After Pearl Harbor, President Franklin D. Roosevelt's presidency changed. As he put it in 1943, "Dr. New Deal" had to be replaced by "Dr. Win the War." It was a colossal policy switch, but it wasn't an extreme makeover politically. He was still the same FDR, and the public understood the need for change.

And it saved his presidency. As President Obama's former economic advisor, Larry Summers, said recently, "Never forget ... that if Hitler had not come along, Franklin Roosevelt would have left office in 1941 with an unemployment rate in excess of 15 percent and an economic recovery strategy that had basically failed."

Many economic historians, such as Robert Higgs, disagree with Summers on the substantive point about World War II being good for the economy. But Summers was absolutely right politically about the New Deal and about the fact that the war saved FDR's bacon.

President Obama desperately needs to make a similar change but, thank goodness, providence isn't offering any Pearl Harbors these days.

It's very hard to make a new first impression, particularly for presidents seeking another term. Of course, if things are going well, you don't need to reinvent yourself. Dwight Eisenhower stayed the same reassuring duffer-in-chief throughout the relatively tranquil 1950s.

In 1972, Richard Nixon rode a (seemingly) good economy and foreign policy success to a landslide reelection victory -- 60 percent of the popular vote. Ronald Reagan stayed Reagan in 1984 amid a surging economy.

George W. Bush made a switch, from Mr. Compassionate Conservative to President Dead-or-Alive. But, like FDR with Pearl Harbor, his political task was the result of an unprovoked attack and the war(s) that followed.

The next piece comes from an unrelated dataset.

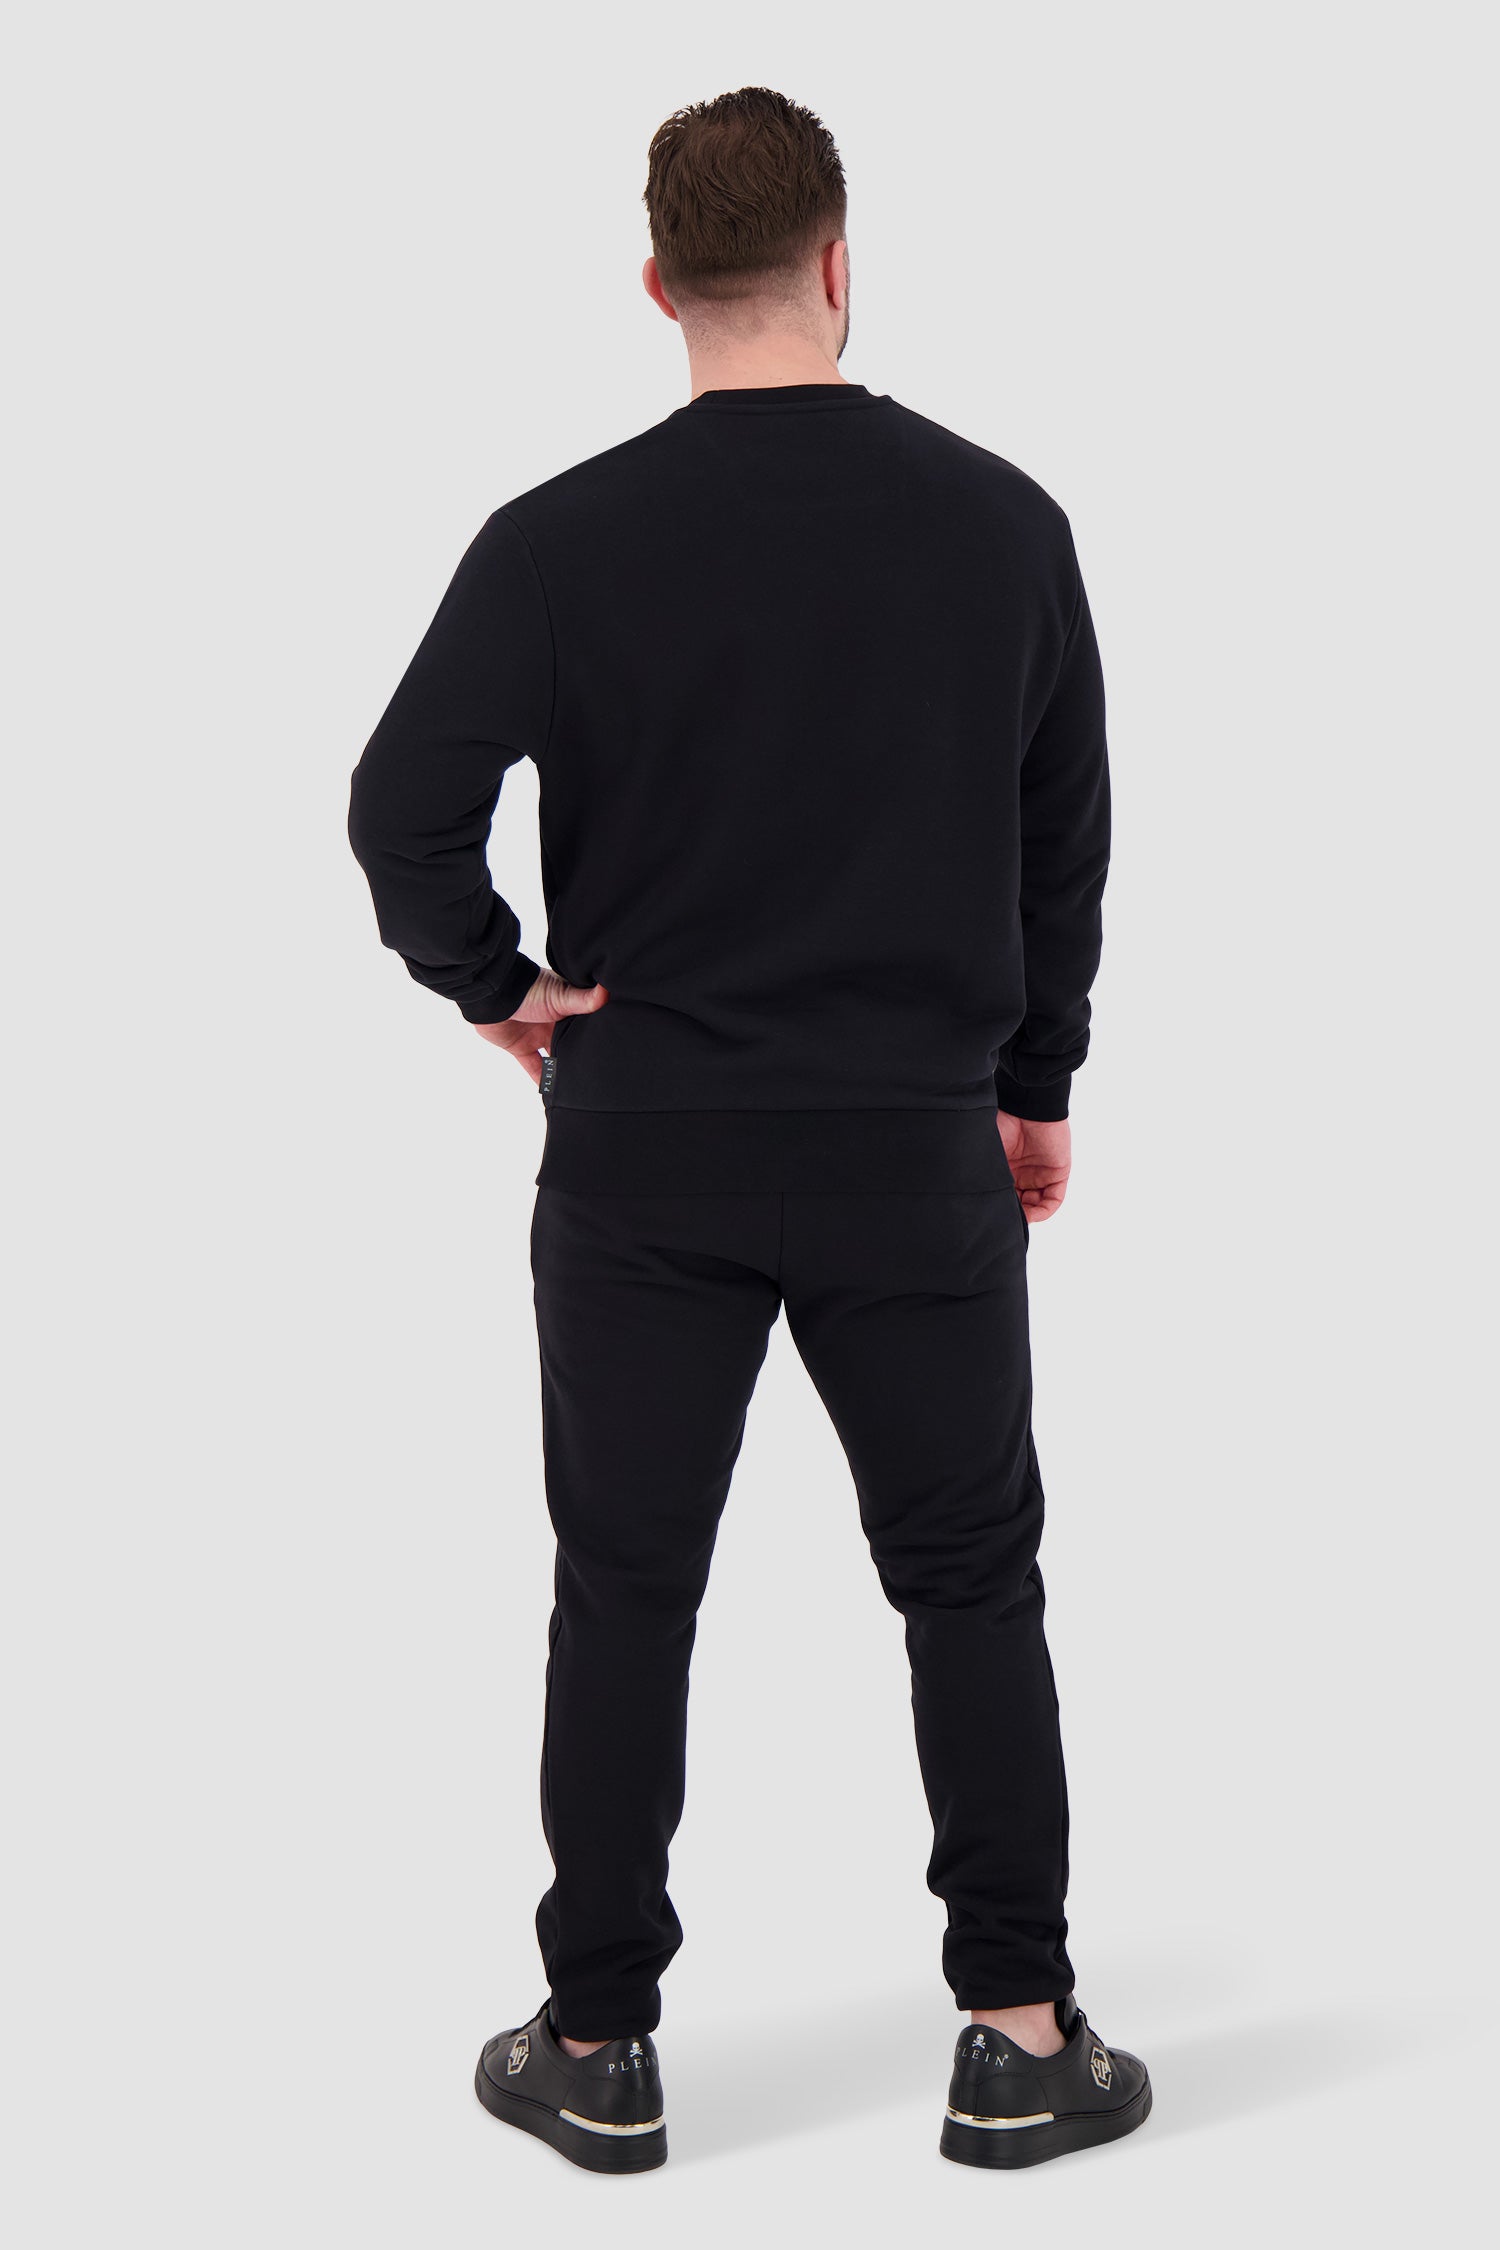 Philipp Plein Black LS Hexagon Sweatshirt
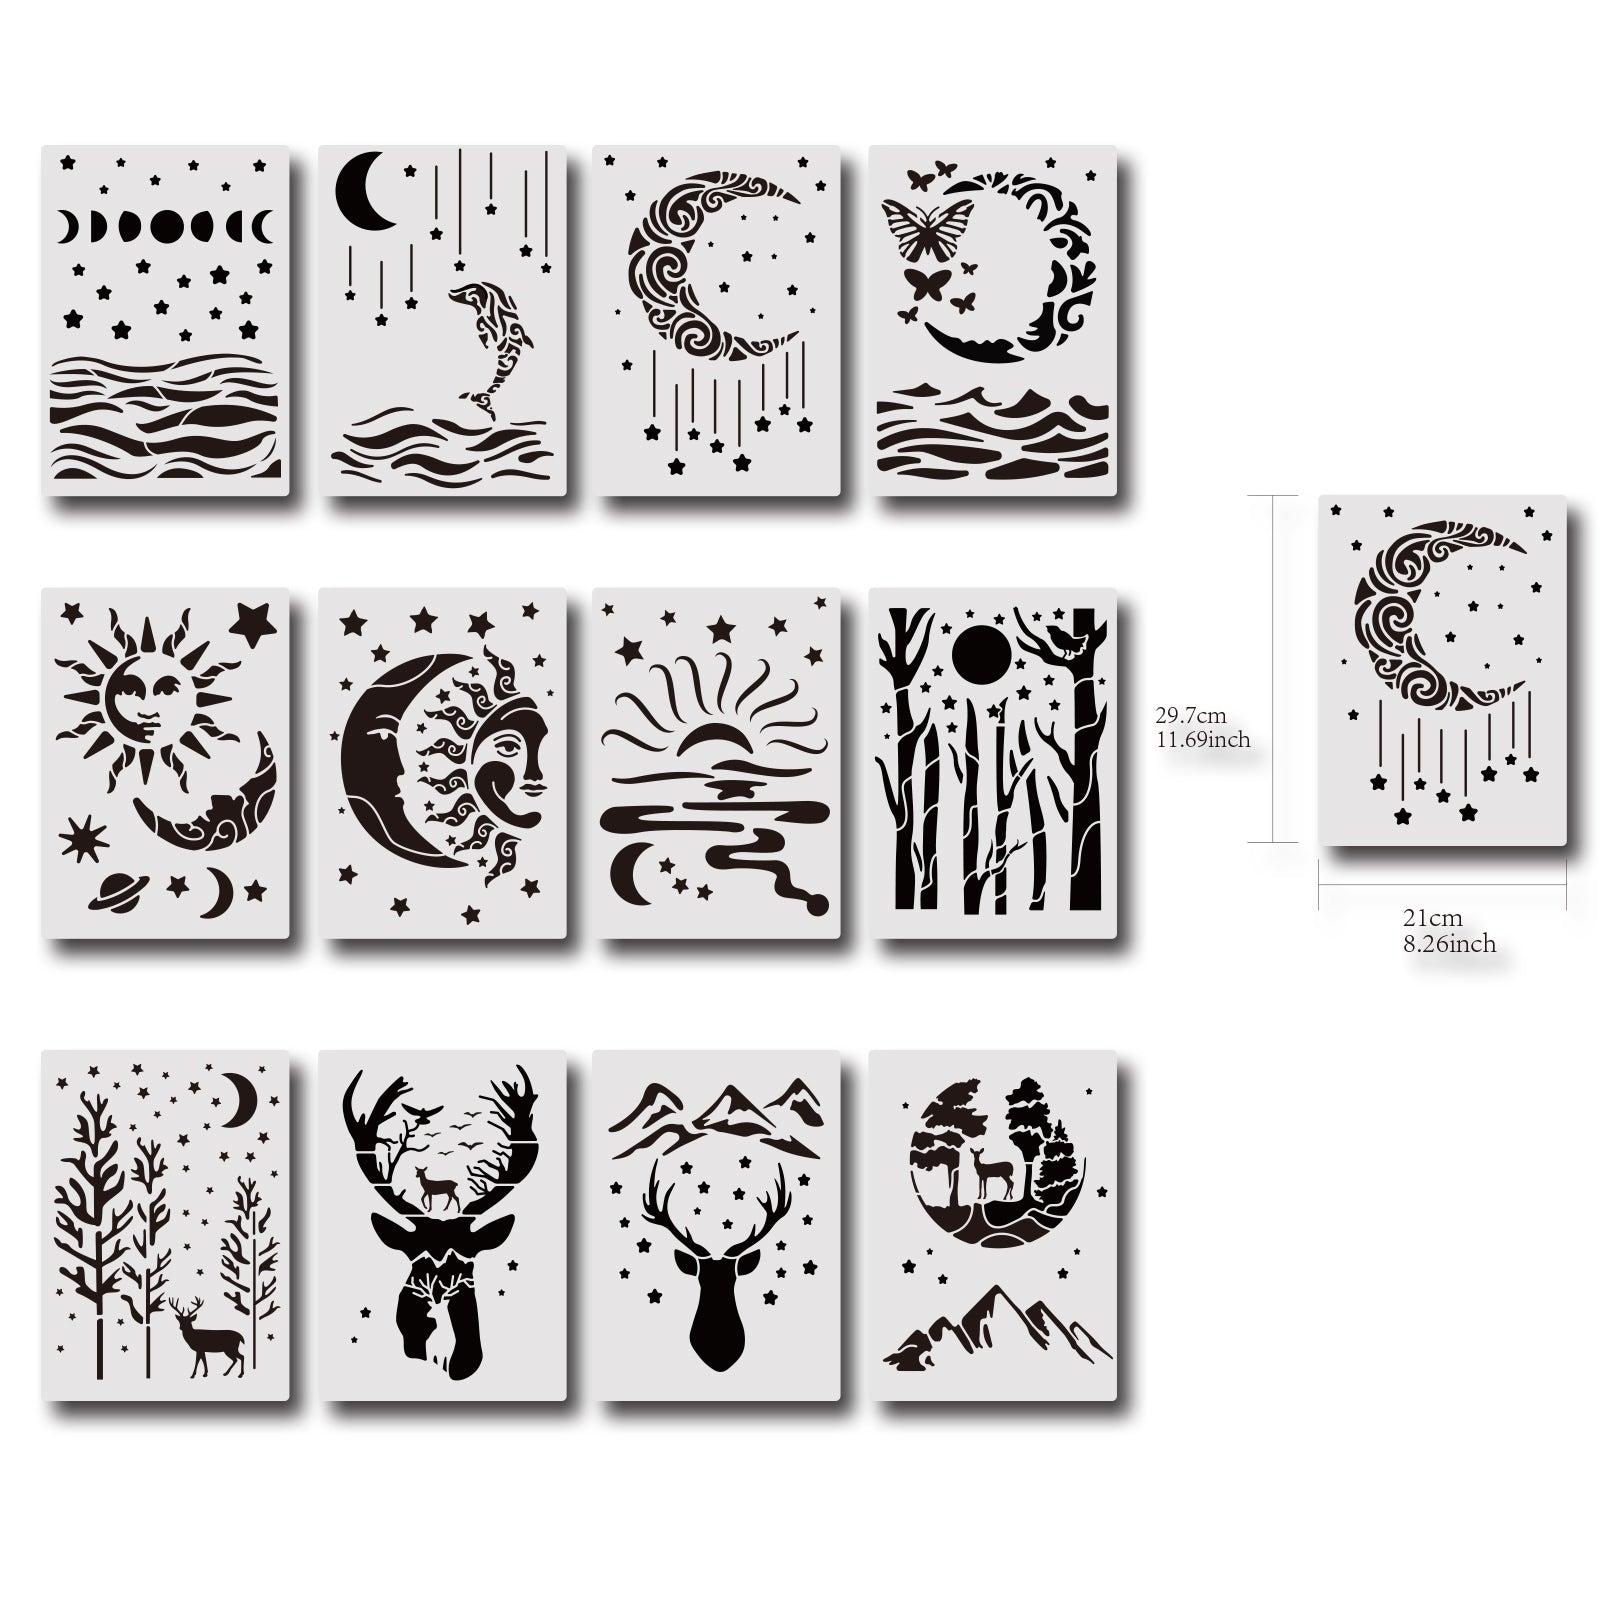 Globleland Plastic Drawing Painting Stencils Templates Sets, Mixed Patterns, 21x29.7cm, 12pcs/set

A major strain of conventional wisdom in Washington these days is that Obama can win re-election by "tacking to the center." Bill Clinton, who famously "triangulated" his way into a second term, is the model. Theoretically, Obama can do the same thing by leveraging a "centrist" debt-limit deal against his base, winning back the independents and moderates who delivered his decisive victory in 2008.

The problem, as many have pointed out, is that Obama can't borrow the Clinton or Reagan playbooks because the economy is just too rotten. A rising economic tide gives presidents room to reinvent themselves. By the spring of 1995, the U.S. economy was averaging 200,000 new jobs per month.